初七日法要の後には、僧侶や葬儀を手伝ってくれた世話役、近所の人たちの労をねぎらうために会食の場を設けます。一般に「精進落とし」と呼ばれる会食です。本来の意味からすると、精進落としは四十九日の忌明けに行われるべきものですが、現在では葬儀当日、付七日法要の後で行われるのが一般的です。

精進落としでは、料理とともにお酒やビールがふるまわれます。喪主や遺族は参列者ひとりひとりの席をまわり、飲める人であればお酌をし、お礼を述べ、労をねぎらいましょう。僧侶が精進落としの席に着かずに辞すような場合には、通夜ぶるまいのときと同じように「御車代」とは別に「御膳料」を包みます。

喪主のあいさつと僧侶へのお礼

精進落としの席では、会食を始める前に喪主があいさつをします。葬儀が無事に終わったことへの感謝、お世話になった人々へのお礼の気持ちを伝え、ゆっくりとくつろいでもらいます。

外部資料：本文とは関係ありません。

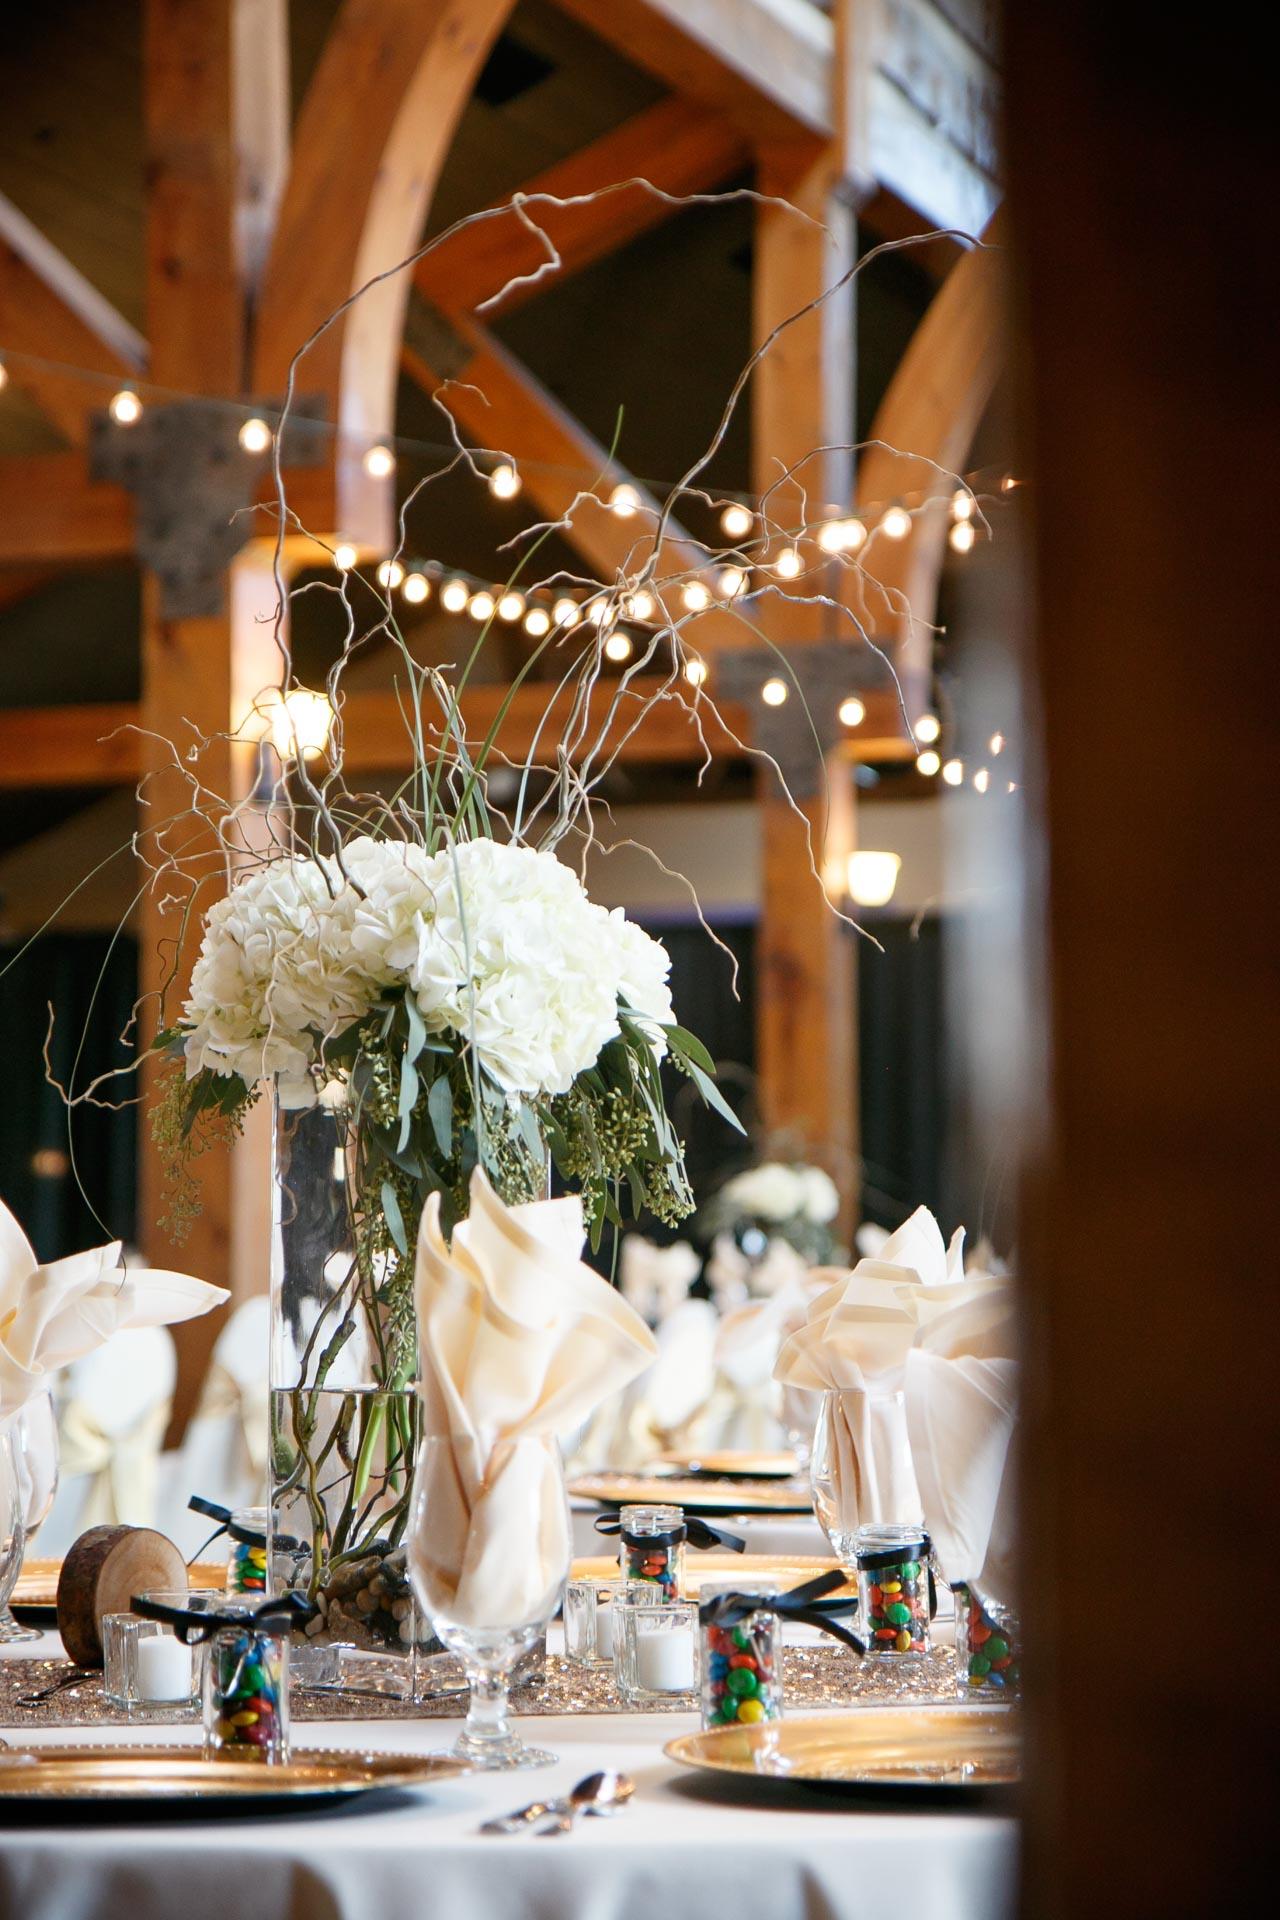 wedding-2-adam-shea-photography-green-bay-appleton-neenah-photographer-32.jpg

喪主のあいさつの後、会食開始の合図に「献杯」を行う場合があります。くれぐれも「乾杯」と間違わないように注意しましょう。
最近では精進落としが終わったあとに僧侶への謝礼を渡すことが増えています。

僧侶への謝礼を「読経料」や「成払抖」などということもありよすが、近年は「お布施」と呼ぶことが多いようです。死亡直後の枕経から、通夜、葬儀・告別式、納めの式、還骨回向まで、すべての儀式に対する謝礼をまとめて「お布施」として渡します。奉書紙か半紙で現金を包み、表書きは「お布施」とします。水引のかかった金包みなどは絶対に使用しません。

問題は金額です。寺の格式や葬儀の規模によって常識的な金額があるのですが、初めての葬儀ではわからないことのほうが多いはず。そのような場合には、まず、葬儀社に相談してみるといいでしょう。また、寺院によっては尋ねれば金額を提示してくれるところもありますし、もともとお布施に規定を設けているところもあります。

なお、僧侶への謝礼は、葬儀の翌日に喪主がお寺に出向き、あらためてお礼を述べてから渡したほうが、より丁寧かもしれません。